_Requirement_.
From the line below containing "image-Trio 100% Cotton" to the final line, print each line exactly as written. No pictures belong in the copy.

_Collected data_.
──────────────────────────────

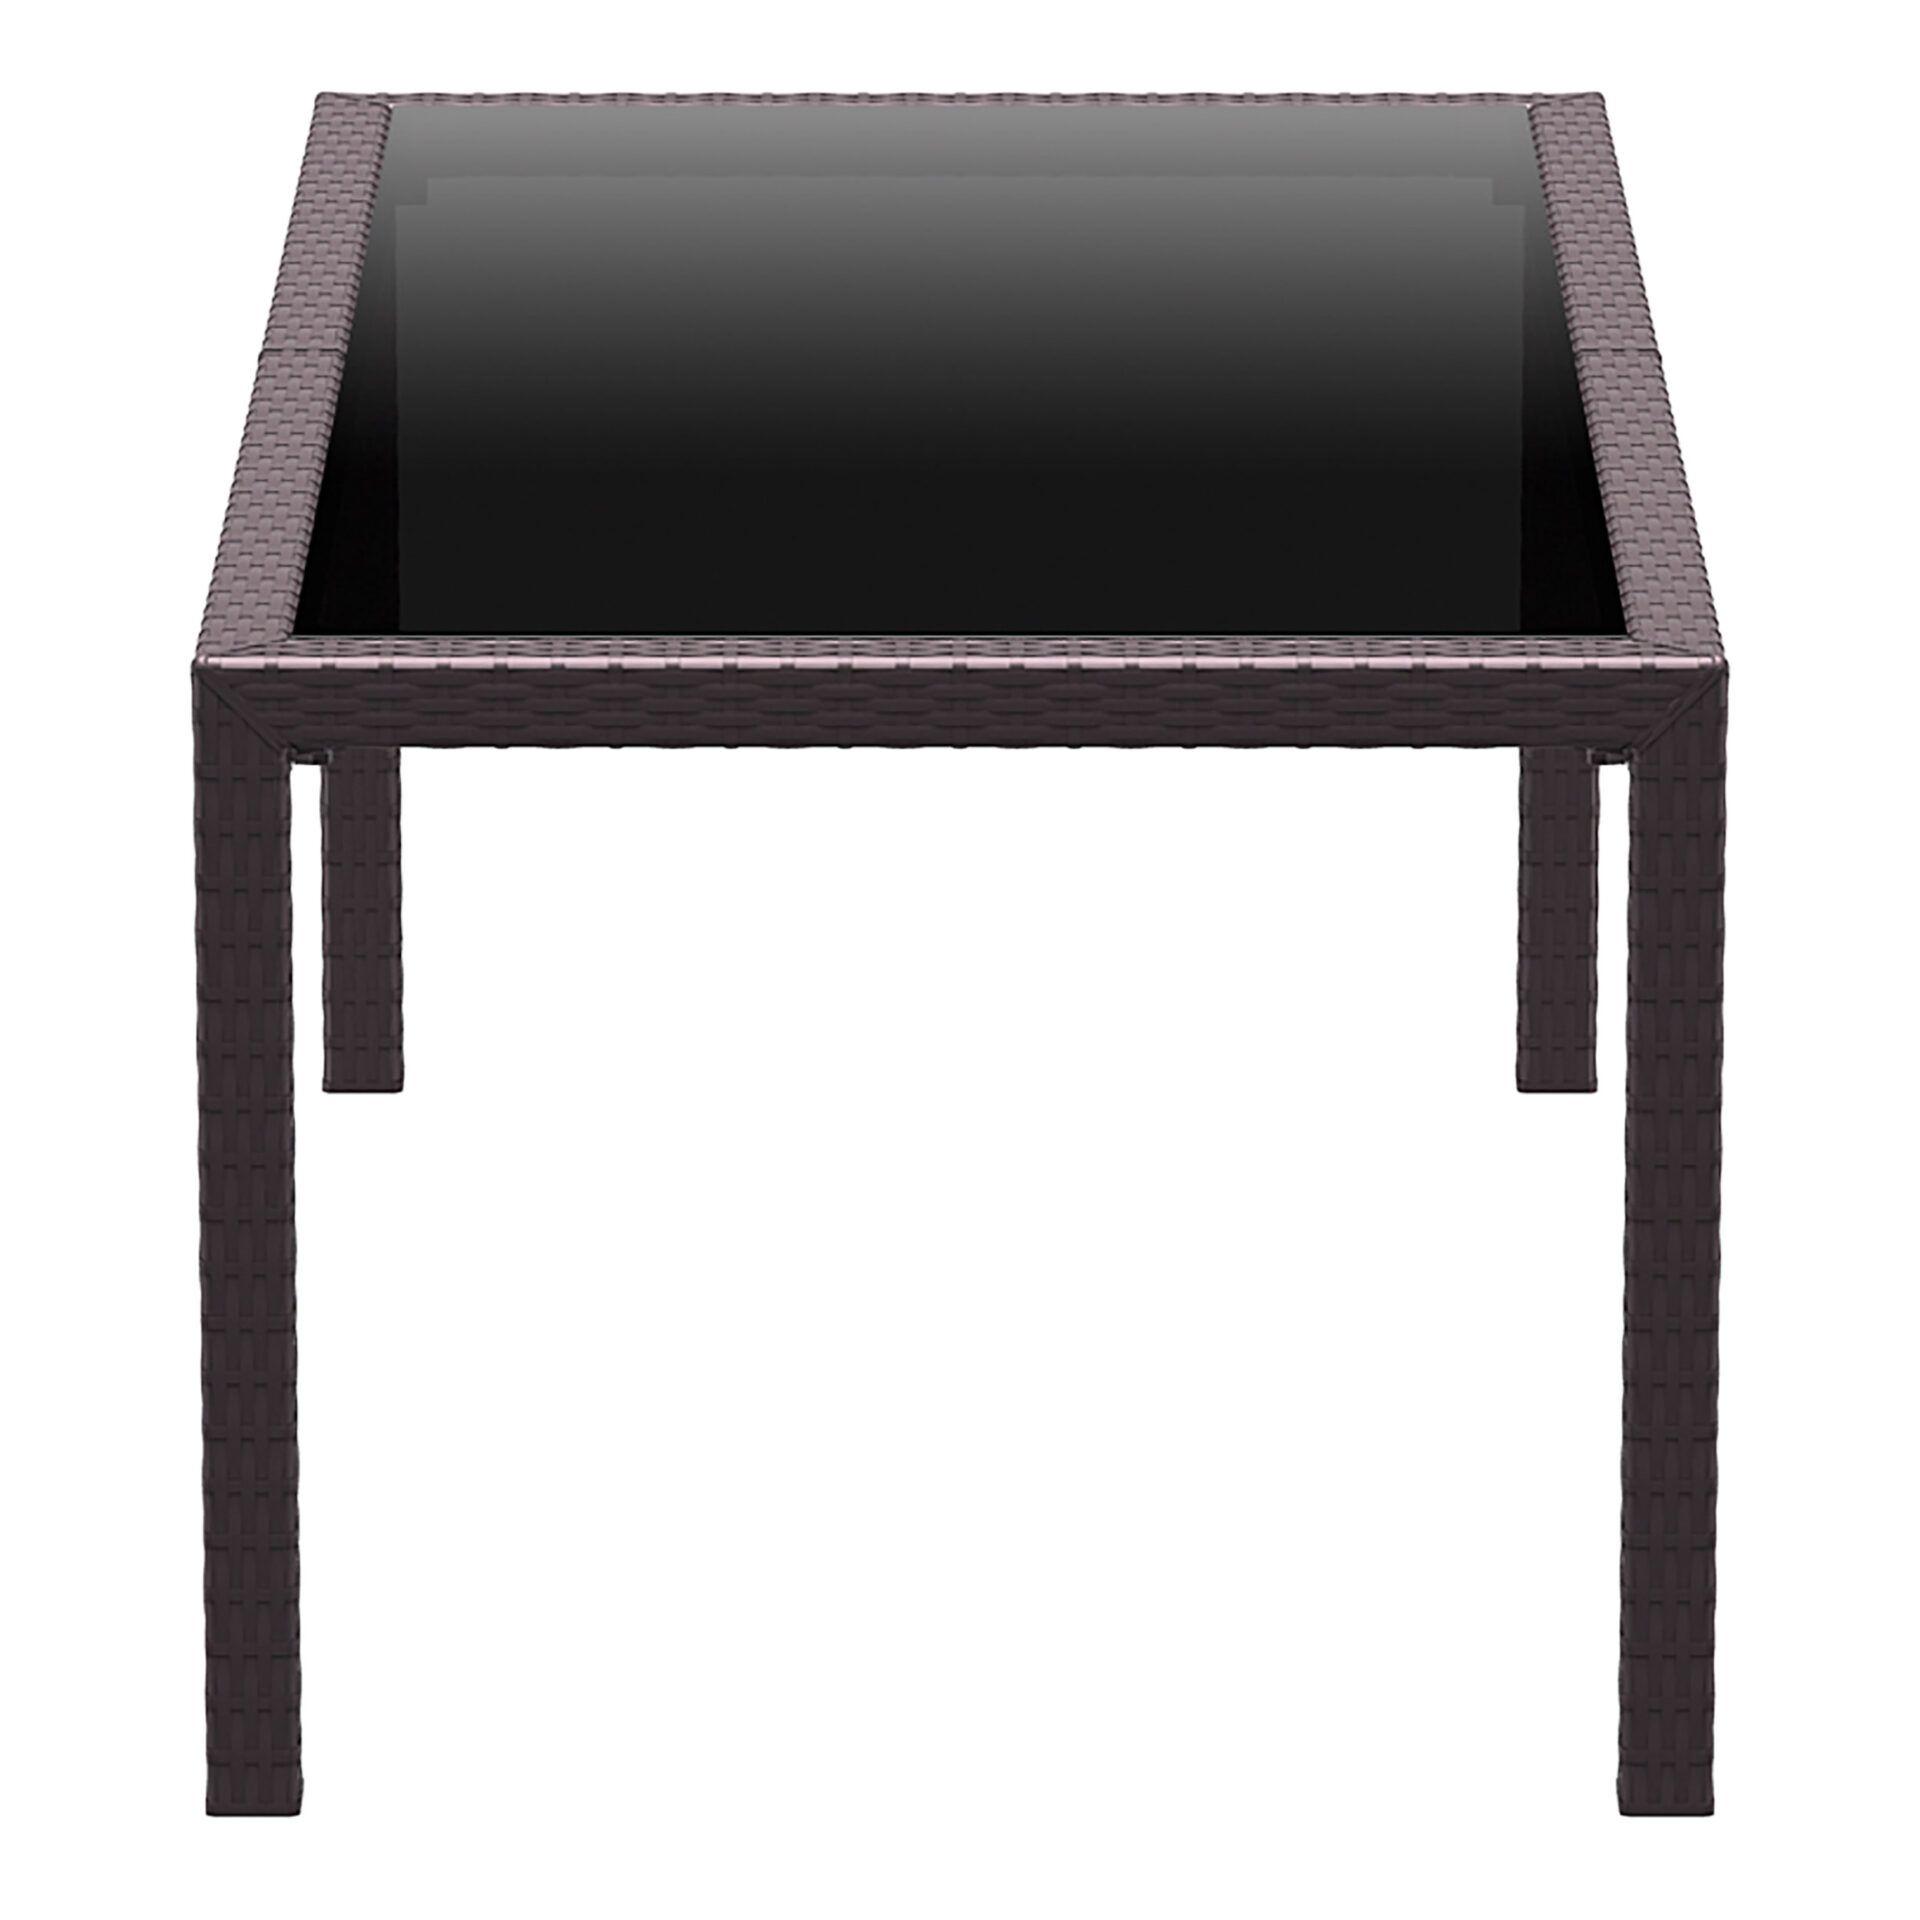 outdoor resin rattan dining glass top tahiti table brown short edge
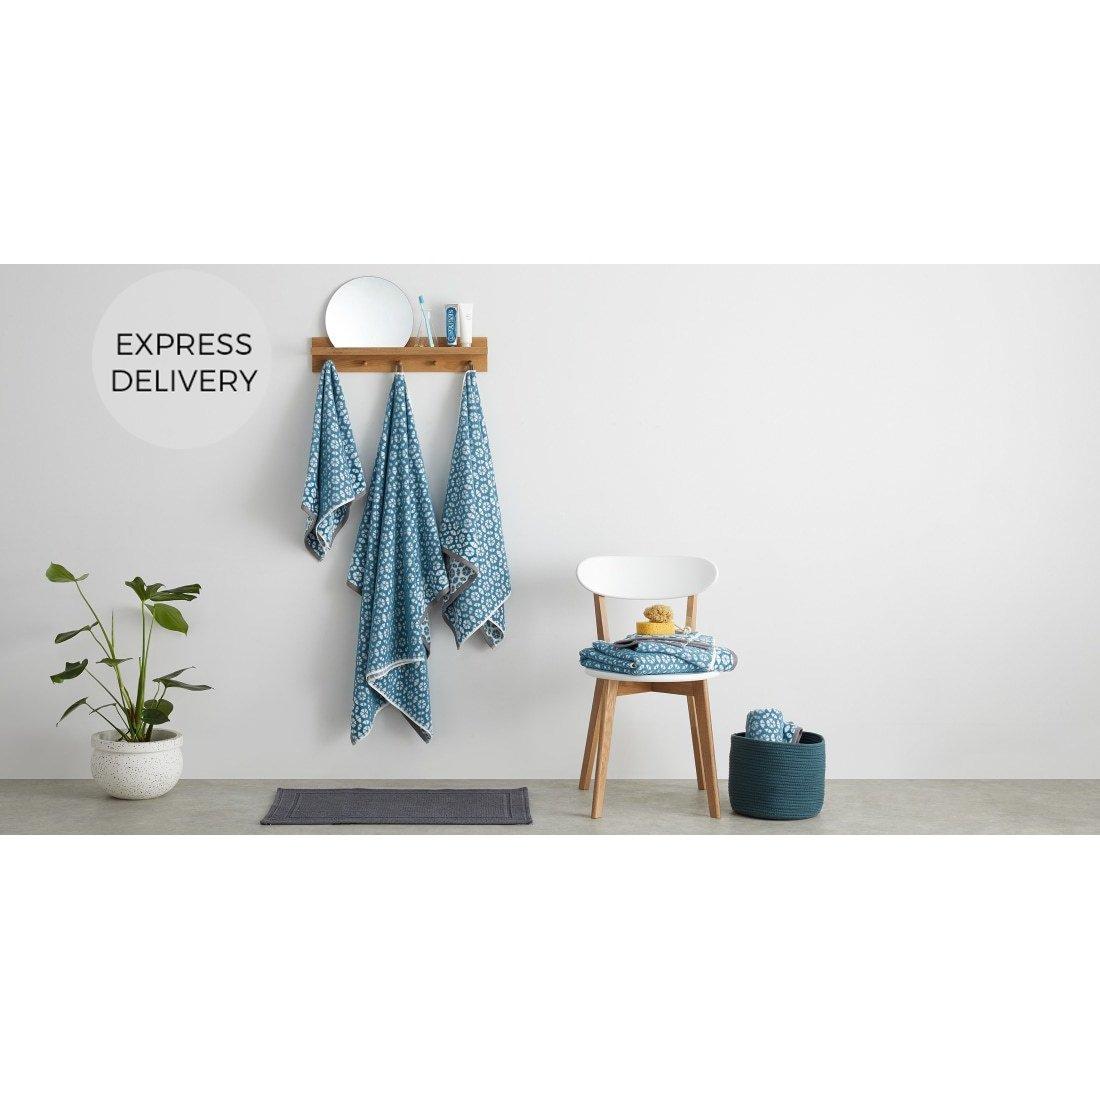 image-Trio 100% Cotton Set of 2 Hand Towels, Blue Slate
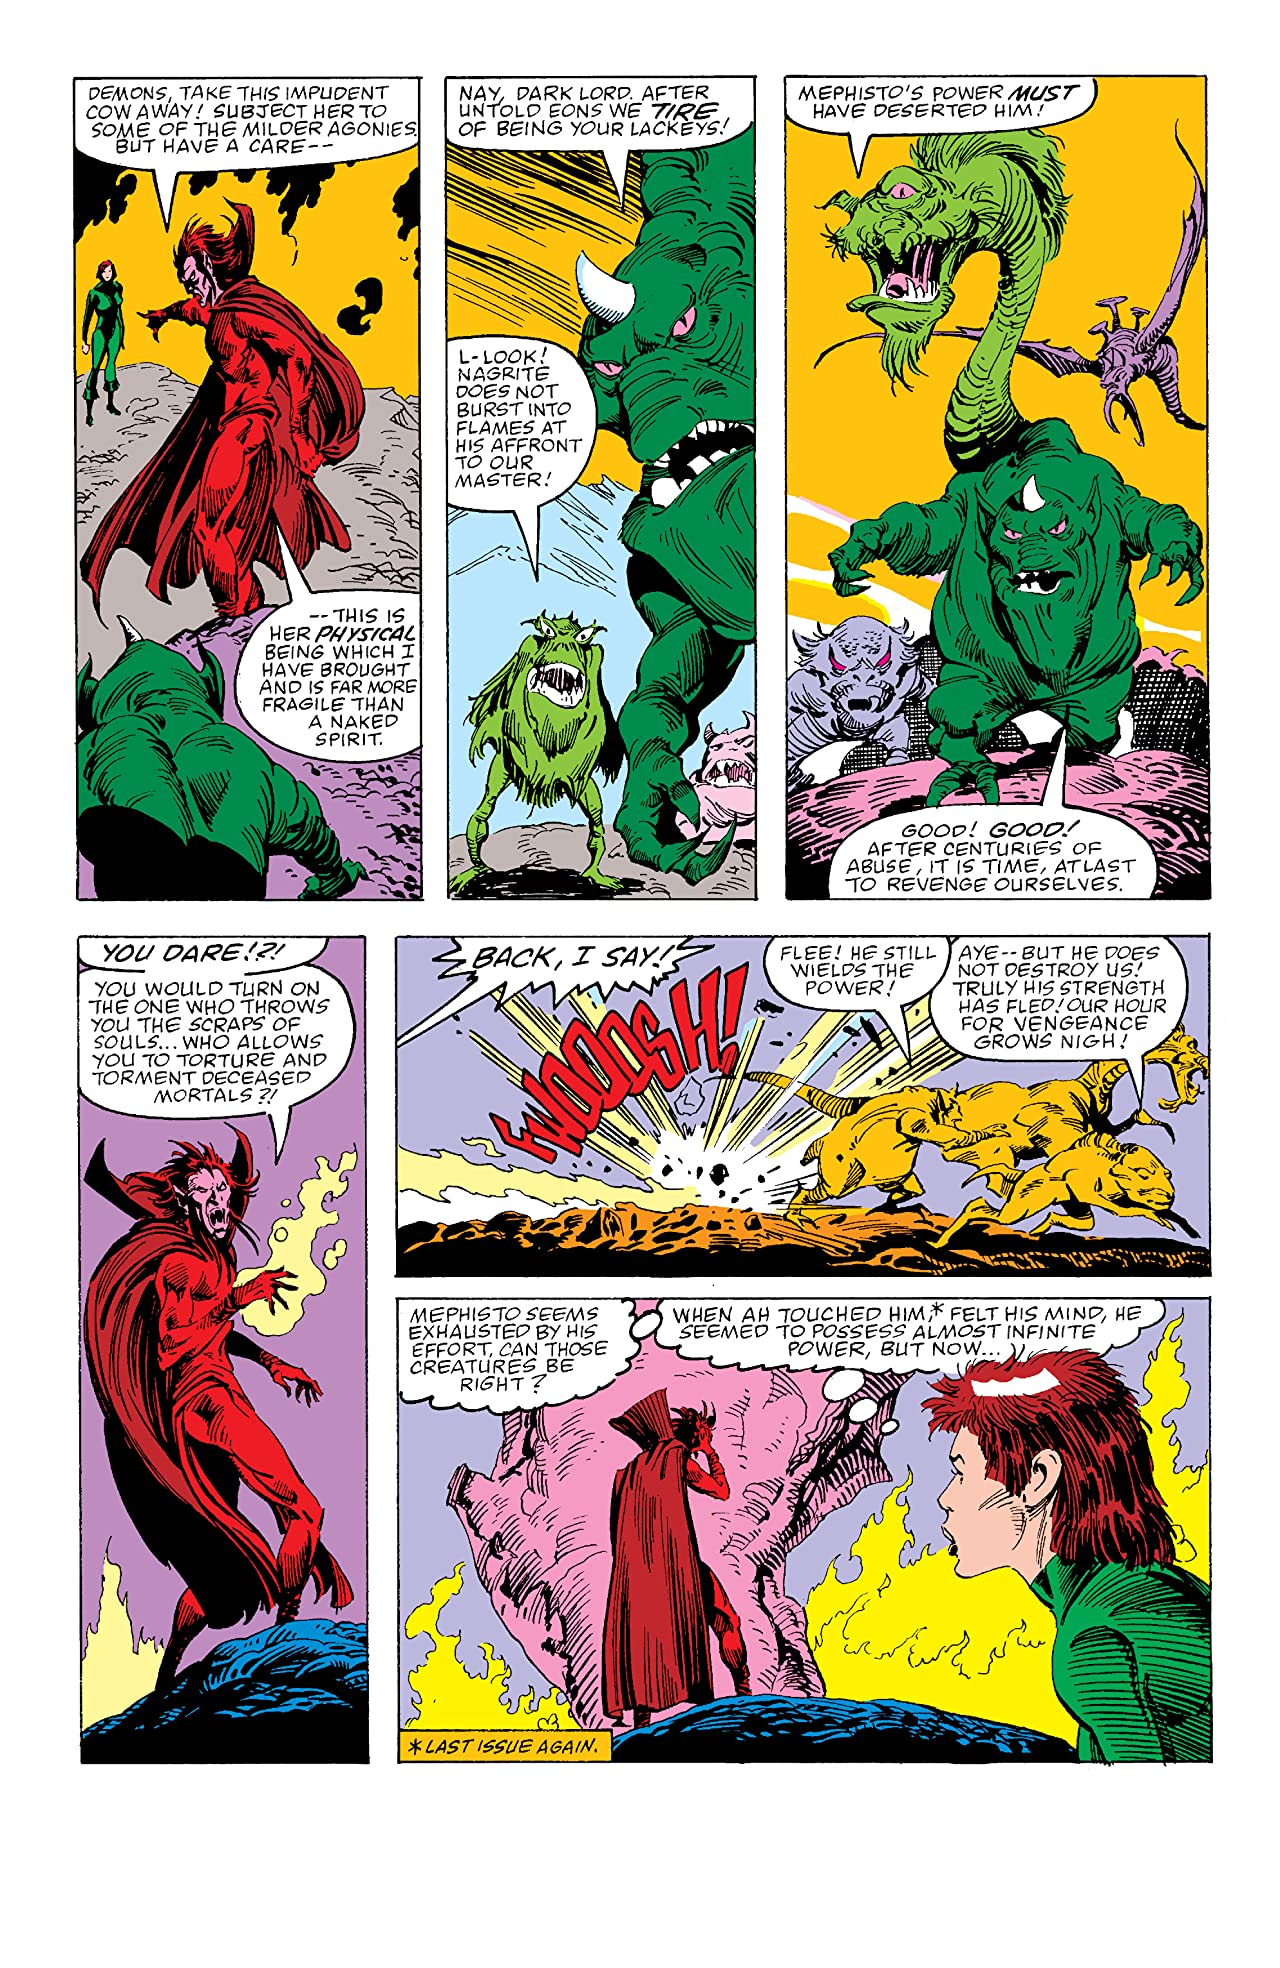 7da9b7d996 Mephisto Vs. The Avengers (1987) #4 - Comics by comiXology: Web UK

──────────────────────────────

_Response to this exercise_.
 image-Trio 100% Cotton Set of 2 Hand Towels, Blue Slate
 7da9b7d996 Mephisto Vs. The Avengers (1987) #4 - Comics by comiXology: Web UK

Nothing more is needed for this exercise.